■ Problem to solve: Give back every line of the material exactly. Skip the pictures.

■ Stored data:
###

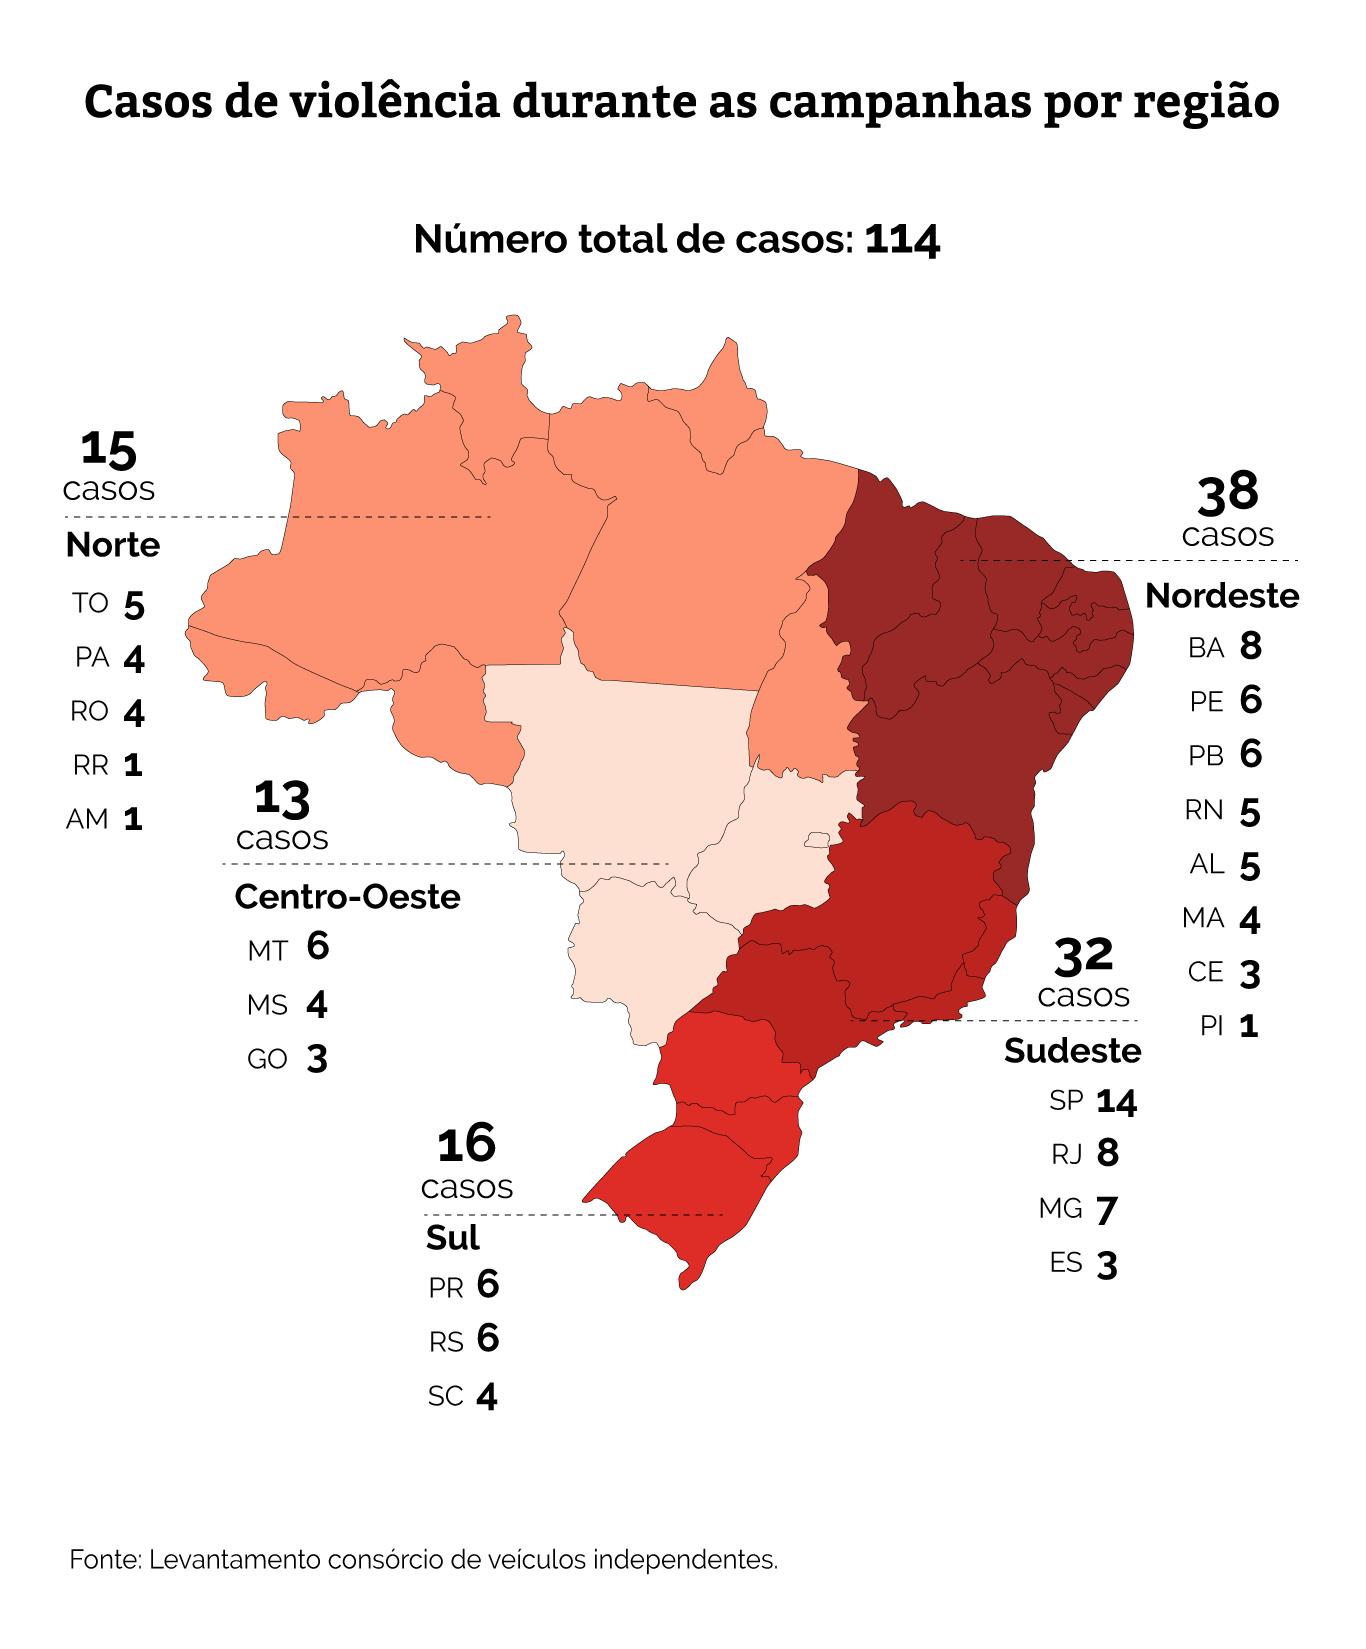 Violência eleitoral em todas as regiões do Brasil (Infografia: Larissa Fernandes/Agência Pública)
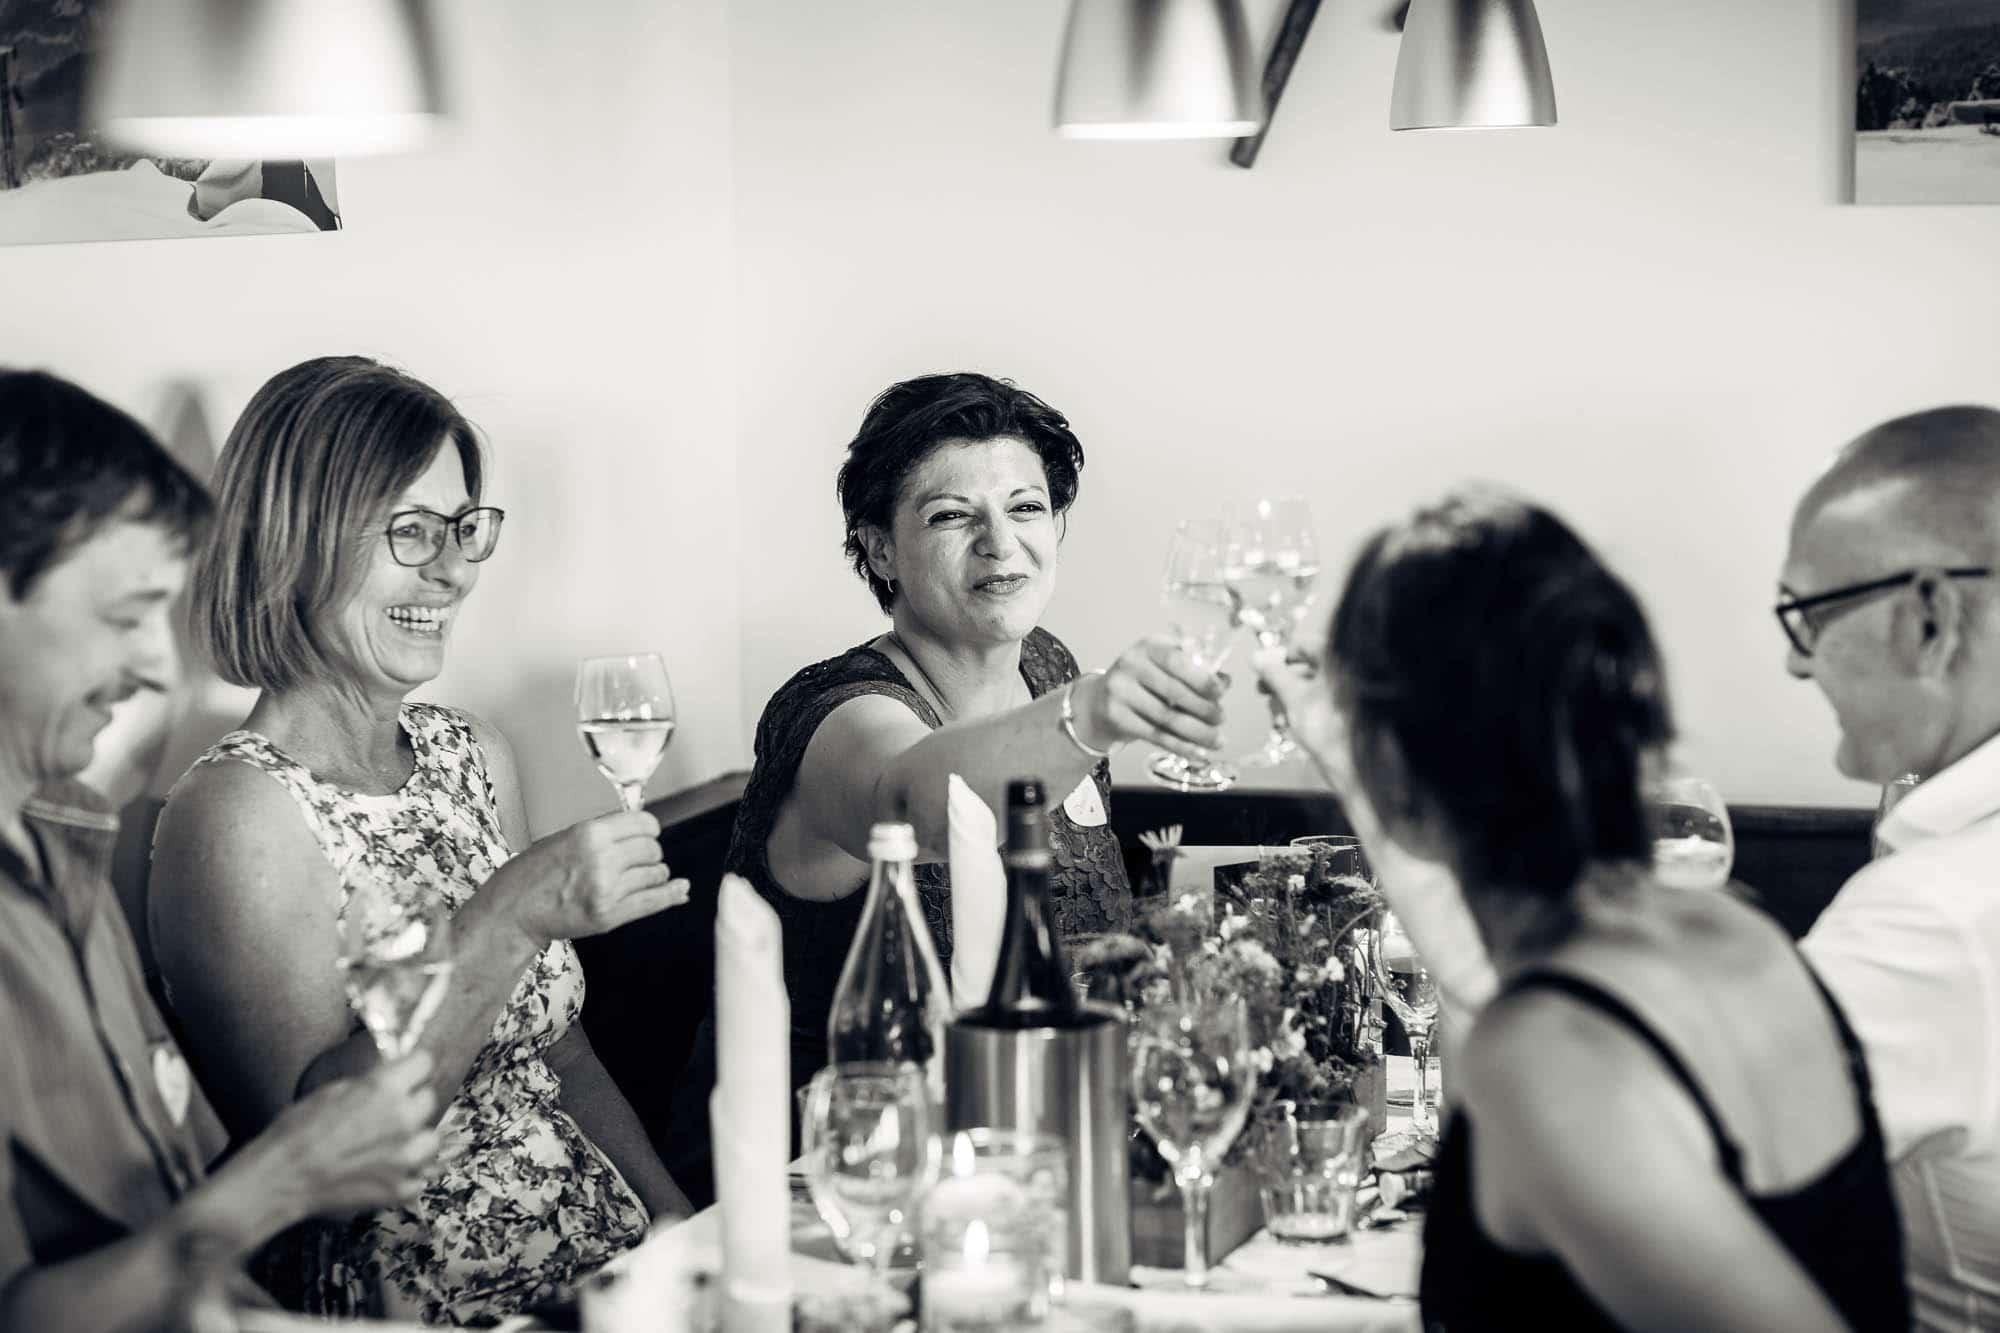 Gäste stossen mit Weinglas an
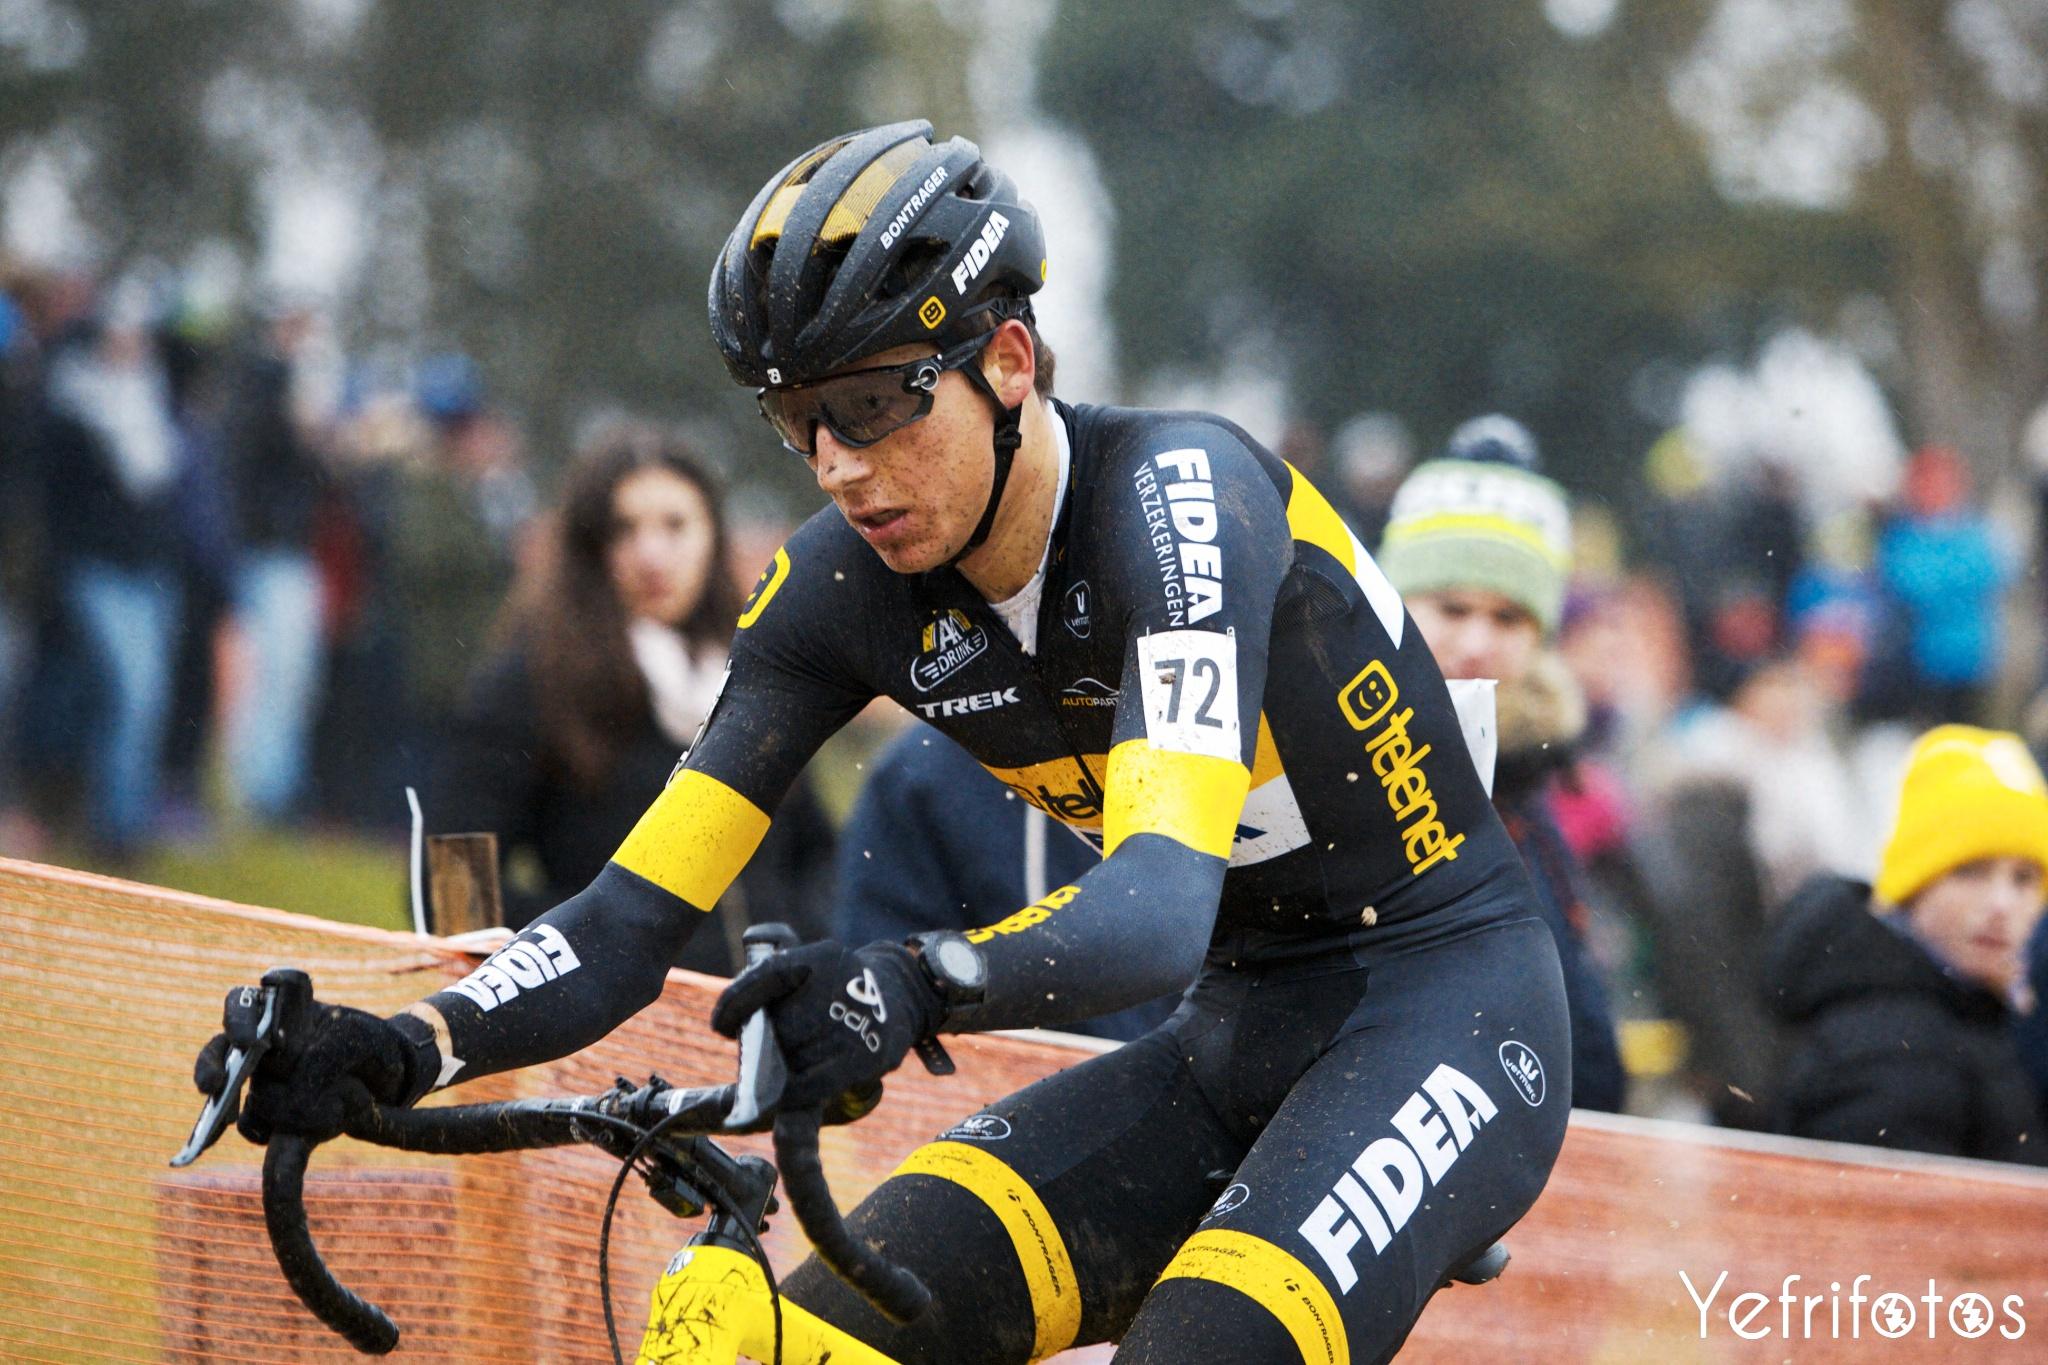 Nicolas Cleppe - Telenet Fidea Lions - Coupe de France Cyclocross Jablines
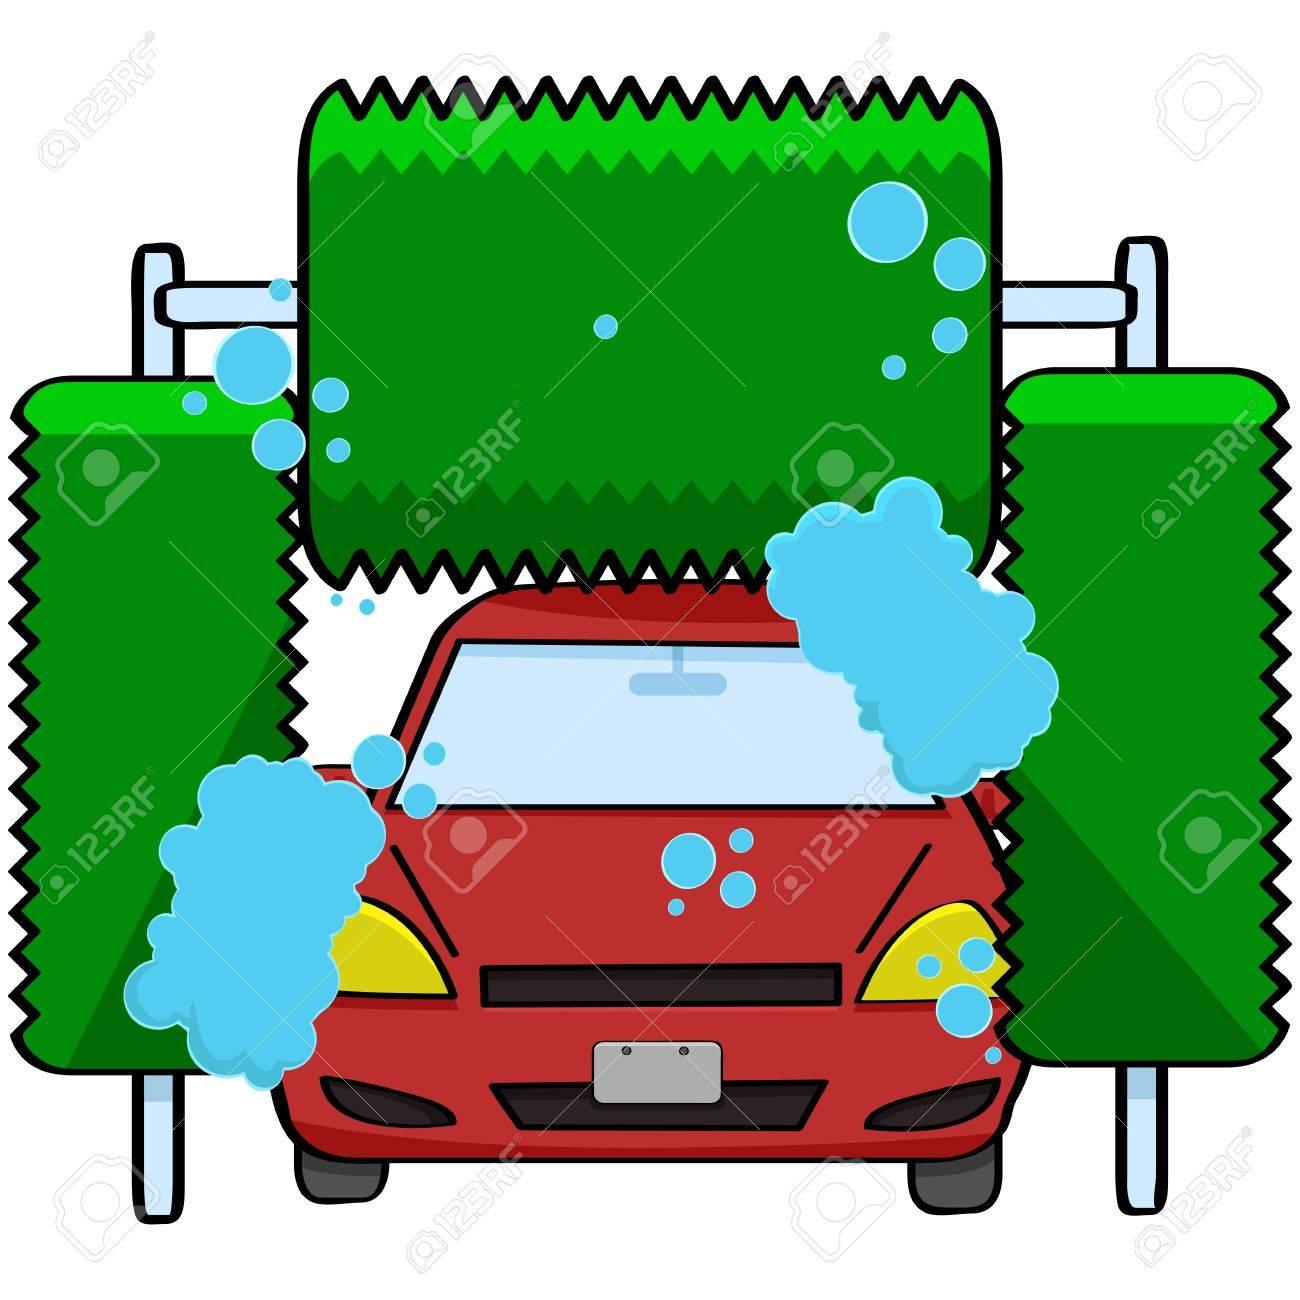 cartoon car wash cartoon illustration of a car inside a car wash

###

■ Exercise response:
 Violência eleitoral em todas as regiões do Brasil (Infografia: Larissa Fernandes/Agência Pública)
 Gäste stossen mit Weinglas an
 Nicolas Cleppe - Telenet Fidea Lions - Coupe de France Cyclocross Jablines
 cartoon car wash cartoon illustration of a car inside a car wash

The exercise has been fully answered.